Amazon (NASDAQ:AMZN) does not disappoint when it comes to proving itself to be moving in the right direction even if it means to sacrifice near-term shareholder value for the long-term gain. The company's Q2 earnings certainly showed this much with revenue accelerating for the third consecutive quarter, operating margin reaching the highest in six years, AWS continues to take shares from less competitive telco and cablecos, ongoing strength in the Prime ecosystem and positive free cash trends. All these factors appear to be setting AMZN up for another strong Q4 later in the years as the company's operating model scales up on the back of rising ecommerce penetration in North America.

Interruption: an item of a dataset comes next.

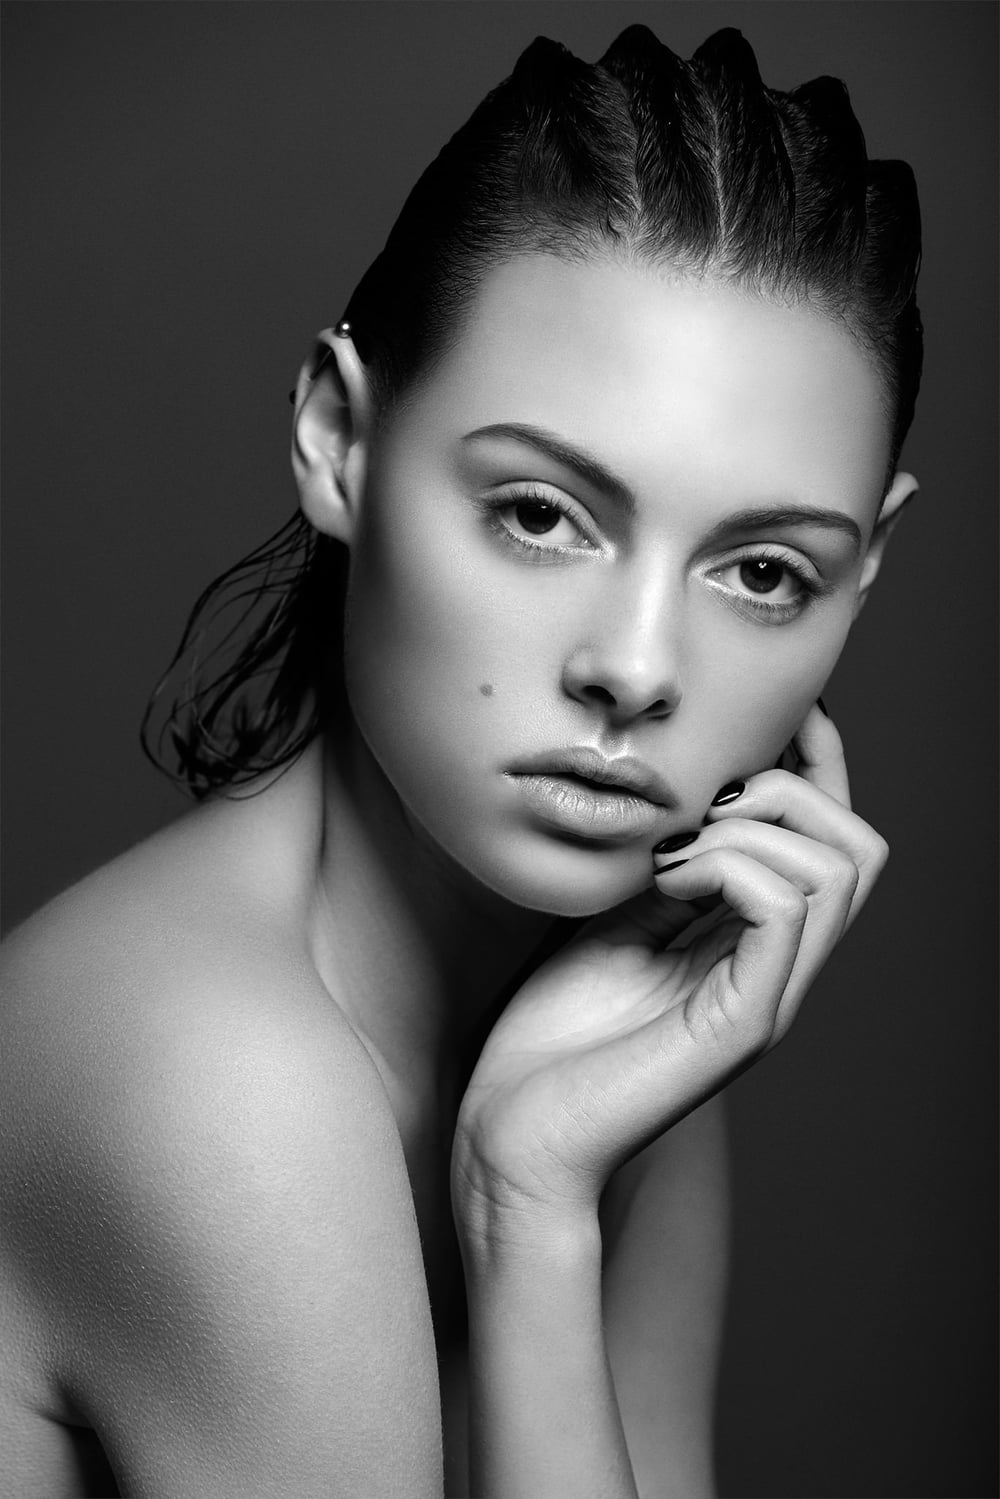 Isabella-beauty-1.1.jpg

Investors often forget how well AMZN can scale but this quarter is certainly a reminder to all investors that the prior investments in logistics, Prime and AWS are all starting to flow through the P&L. That said, I remain bullish on AMZN's medium-term outlook but also want to acknowledge that long-term outlook depends on whether AMZN can compete against Alibaba (NYSE:BABA) on a global scale.
Revenue of $30.4b, +31% y/y, and EPS of $1.78 were both ahead of consensus. North America revenue growth of +28% was impressive as AMZN continues to take share away from offline retailers and sign up additional Prime members, and I continue to see positive momentum in North America after the recent GDP number that showed consumer spending growth of +4.2%, which was the best pace since late 2014. The macro backdrop is in favor of AMZN's near-term growth with Atlanta Fed's GDP now estimating that real consumer spending is on track to achieve the best growth in the decade at 4-5%. In order to appreciate this growth outlook investors should consider that income growth remains resilient due to higher wages (which offsets the moderating job growth) and deleveraging in households judging by the decline in household debt to disposable income ratio over the past decade. As a result, re-leveraging appears to be in play and this bodes well for AMZN as much of the spending (via credit cards) is likely to be done online.

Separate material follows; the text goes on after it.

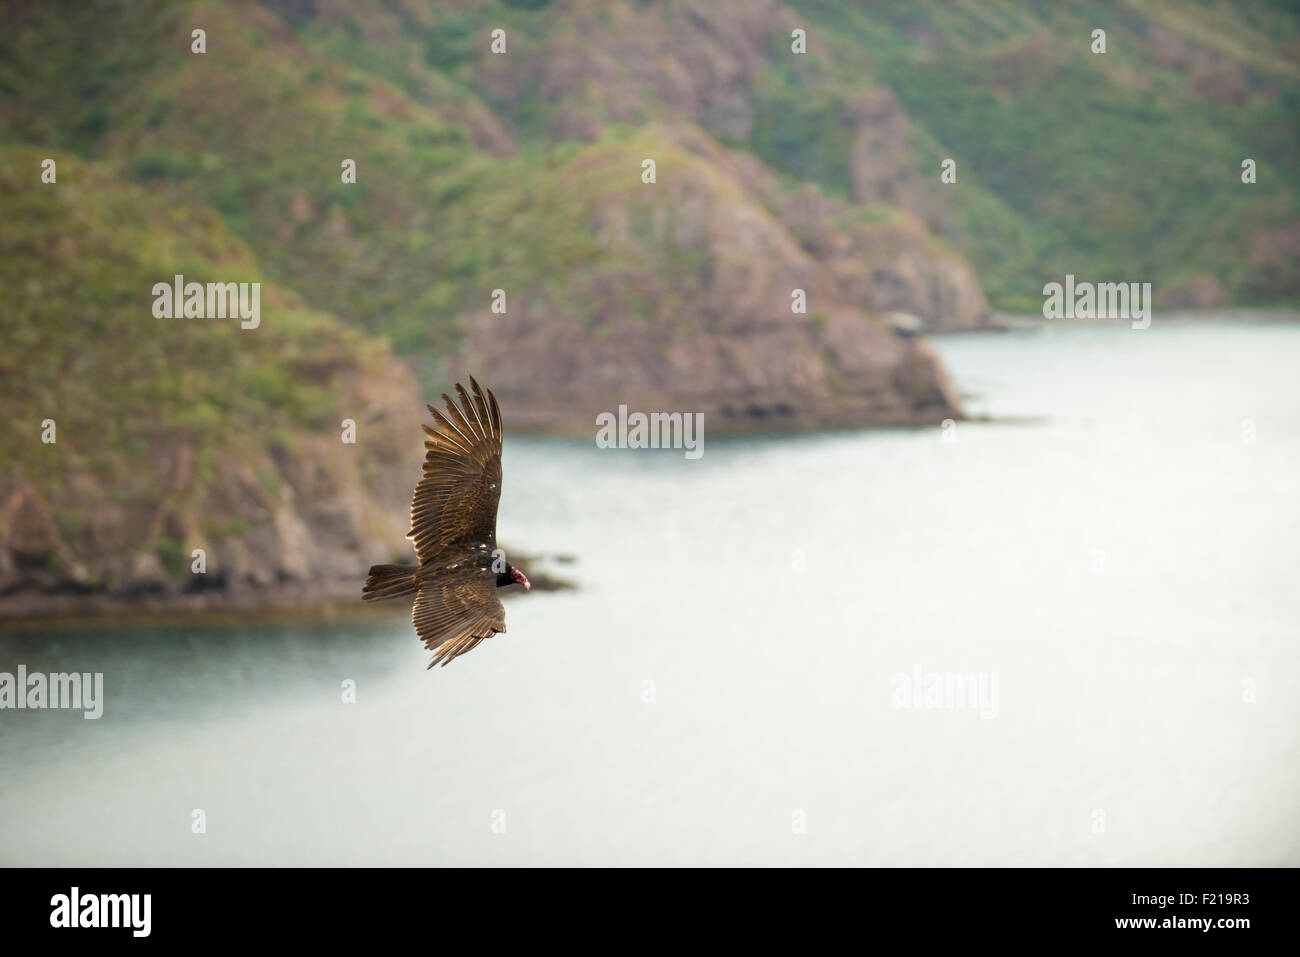 Loreto, Baja, Mexico. Detailed image of a bird soaring through the sky. - Stock Image

On AWS, revenue growth of +58% to $2.9b was impressive and this should come as no surprise given the recent weakness we have observed from the slowing enterprise growth amongst the telecom and cable companies. Notably, Cogeco Cable, a Canadian cable company based in Quebec, wrote down C$450m of its enterprise segment soon after AMZN established AWS in Montreal. Clearly AWS is gaining ground against the less competitive peers and I see this trend to be sustainable in the coming quarters.
Finally, Prime adoption remains resilient in the wake of AMZN's Prime Day (see - Amazon: Primed For Growth). Notably, Prime is now in more than 40 areas globally and AMZN continues to expand its presence in Europe and India with same-day shipping offered in select metro areas. Management commented that order patterns remain strong and the increasing number of FBA makes Prime even more compelling due to broader selection of products. I believe that AMZN has created a virtuous cycle with Prime adoption and I continue to be bullish on this outlook.